With a low-risk population, there would be differences, but if the treatment were moderately efficacious, these differences would be modest. Since, for most drugs, treatment efficacy assessed in trials is modest, the population-level effectiveness metrics obtained by translating trial efficacy metrics values may be viewed as satisfactory. However, this would be without taking into account the issue of responders/non-responders, which is more important when the observed efficacy is low.

Population efficacy metrics computed on clinical trial data were first used to assess the validity of the trial results. However, the statistical assessment with traditional null hypothesis testing is based on the assumption that the analysed trial is a random sample of an infinite number of similar trials and therefore the observed trial efficacy is representative of the true treatment efficacy.

Regulators and payers continue to focus on statistical significance and p values and have not adequately addressed the issue of translation of treatment efficacy from a trial setting to treatment effectiveness in a real-life setting.
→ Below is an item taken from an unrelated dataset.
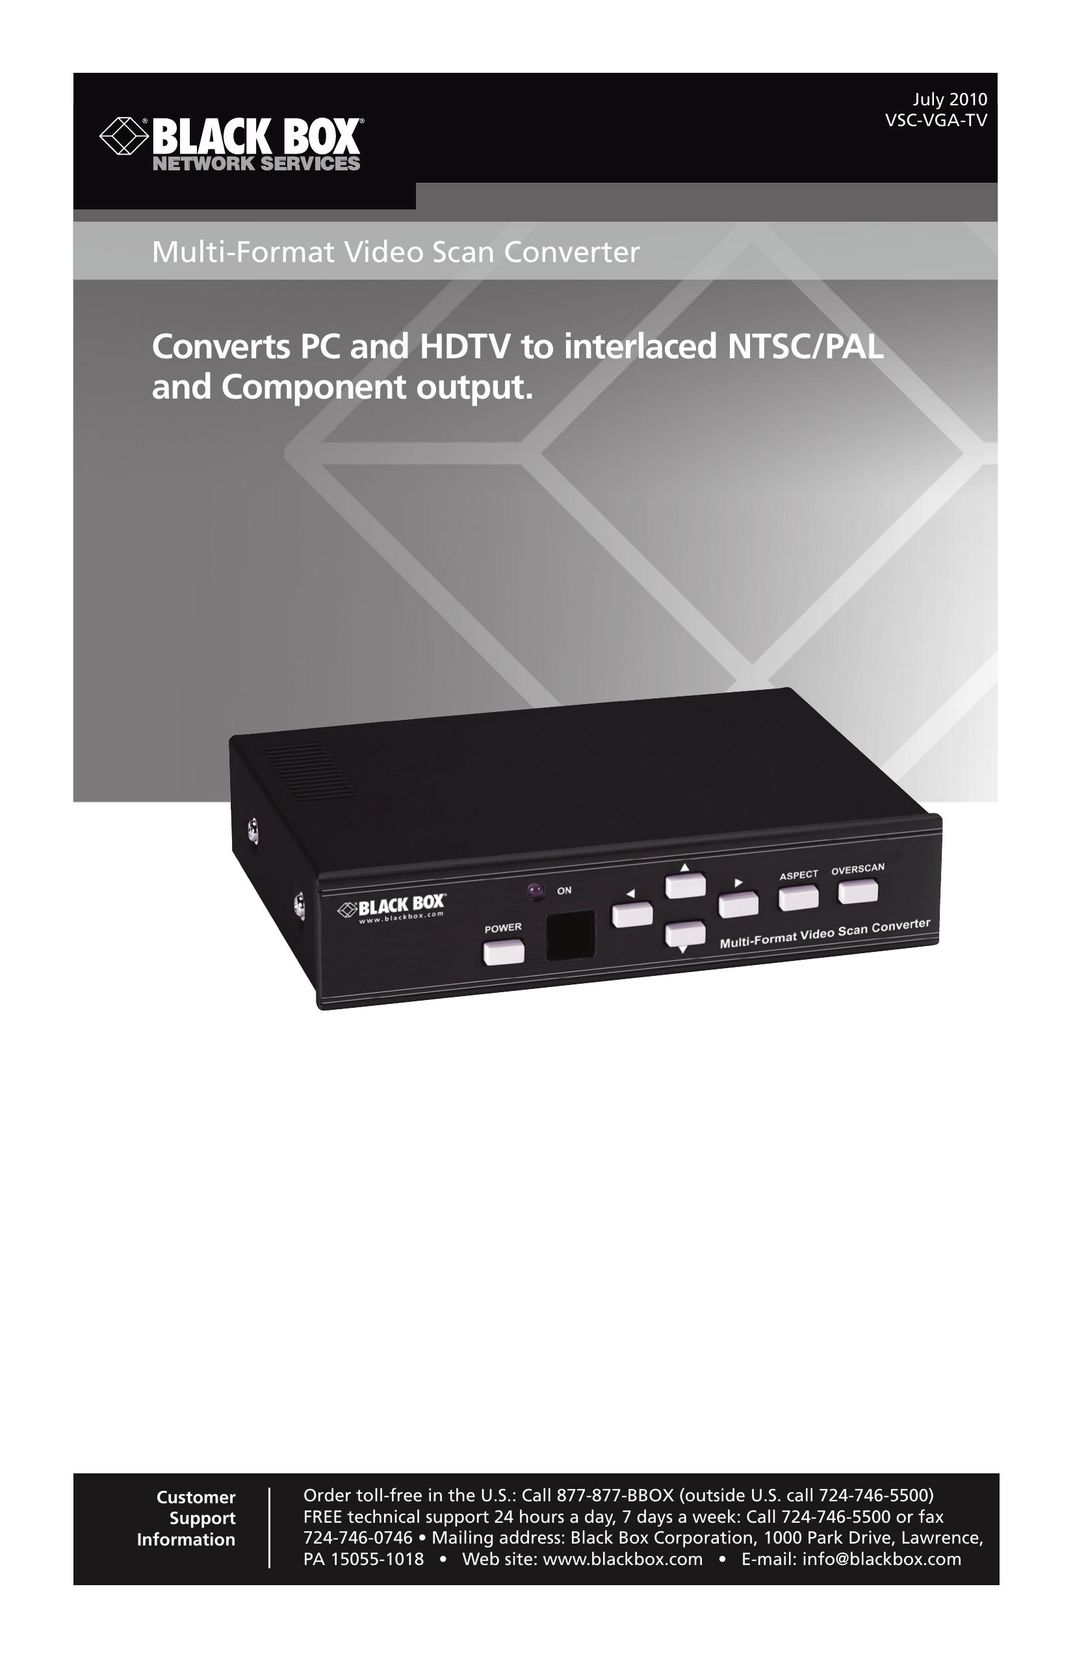 Black Box Multi-Format Video Scan Converter TV Converter Box User Manual

The guidelines published in 2007 by the European Medicines Agency explicitly mentioned the translation issue in the objectives section, but the issue was not properly formulated and addressed in the rest of the report, although the NNT was discussed in a way that came close to the fundamental issue [41]. This fundamental issue concerns the fact that we are dealing with non-linear effects, whereas the metrics used in translation assume a linear effect.
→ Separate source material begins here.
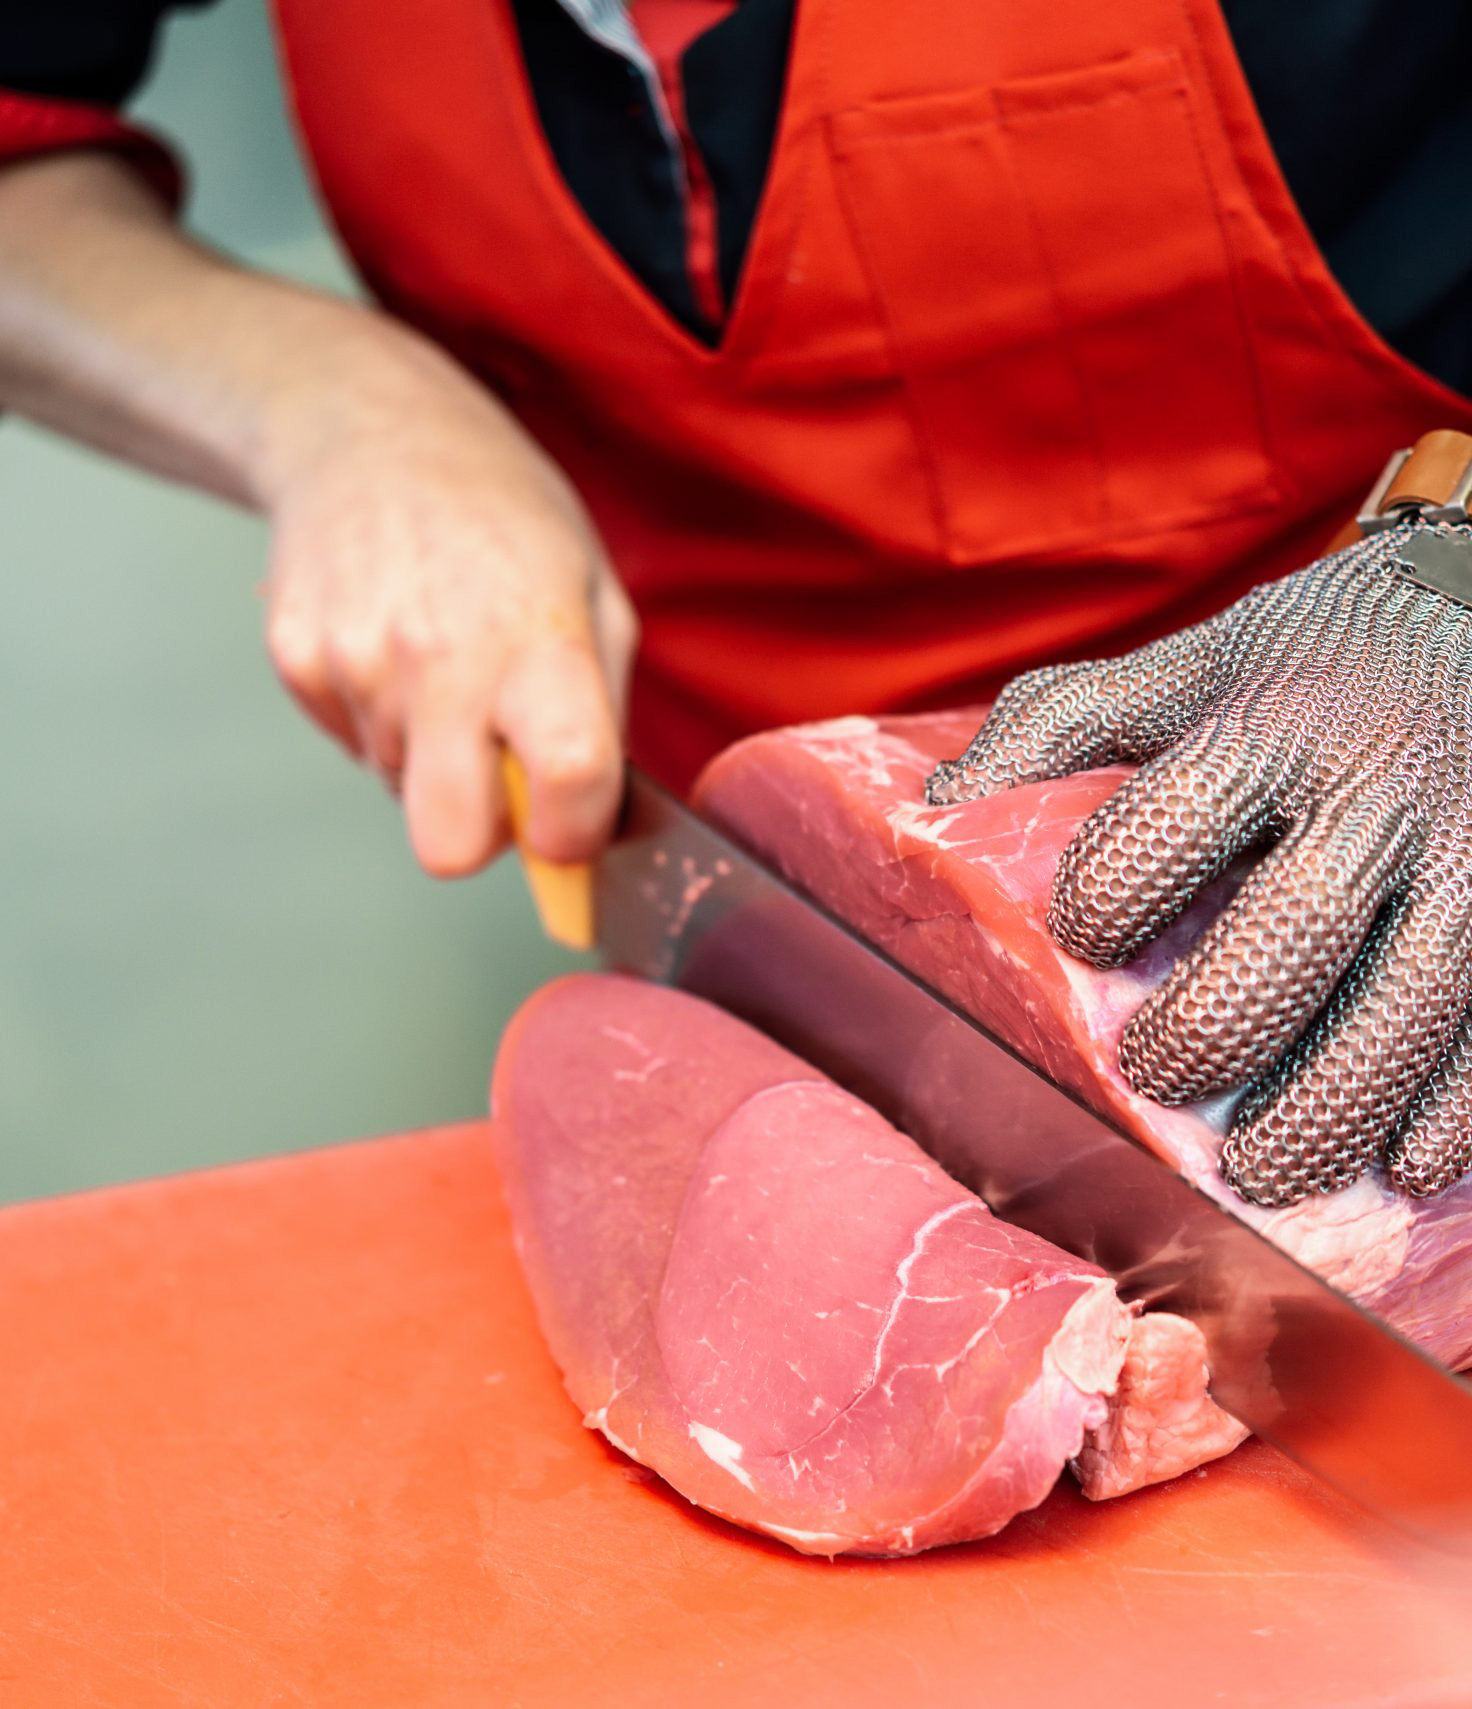 butcher delicatessen offer

Pragmatic clinical trials were designed to address the translation issue by providing evidence for adoption of treatment in real-world clinical practice [42, 43]. Since then, only a few truly pragmatic trials have been published, essentially because the rules that define a pragmatic trial are difficult to put into practice. For example, the patients should be similar to those who will receive the intervention in real life, but they must accept being randomised to the new treatment or the comparator, which is usually the current standard of care. In addition, the investigators, who should be real-world prescribers and not trialists, can decide how to administer the treatment. Alternatively, model-based methods can be used to translate observed trial results to a specified target population, but this approach can only take into consideration a small number of covariates [14].
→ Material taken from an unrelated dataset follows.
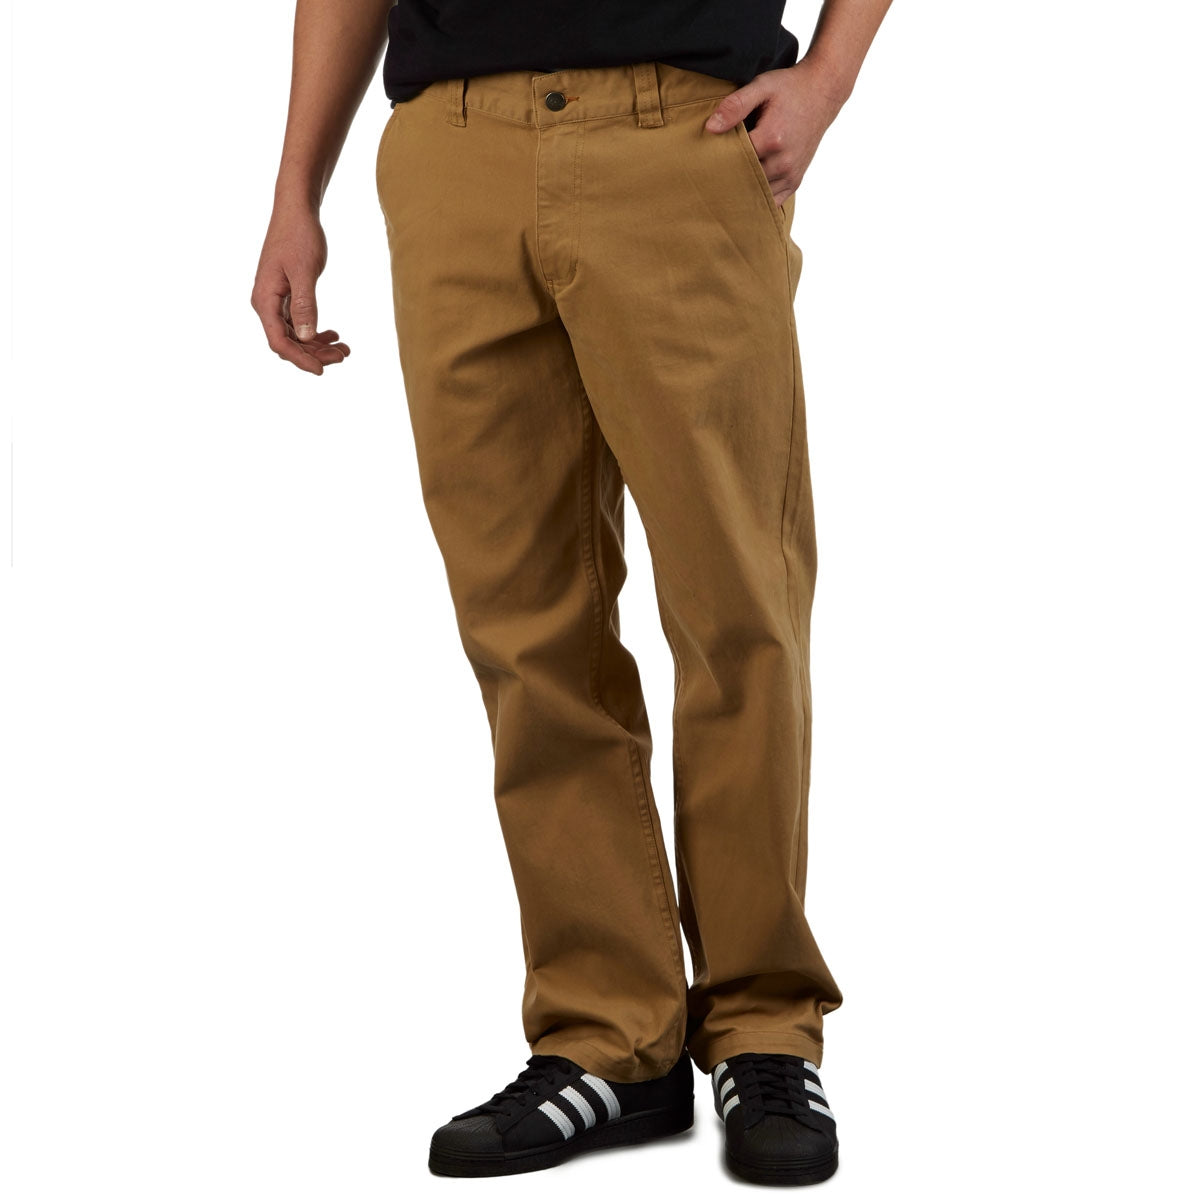 CCS Standard Plus Relaxed Chino Pants - Khaki image 1

We propose that the effect model (EM) could be used to translate trial metrics to population metrics. The EM approach models the relationship between AB and Rc, which is a characteristic of the treatment at a given time point. This has been demonstrated using simulated populations and been reported in real life [44, 45].

5 Conclusion

This analysis clearly shows that more appropriate and accurate tools are needed to be able to translate clinical trial efficacy to population-level effectiveness. We showed that two population efficacy metrics, NPEpop and NNTpop, could be used to compare two or more treatments (e.g. drugs 1 and 2 in populations A, B or C), irrespective of whether the trials had been run on random samples of the corresponding populations or whether unbiased translation has been achieved. This approach requires prior knowledge of, at least, the target population distribution of Rc and the treatment EM.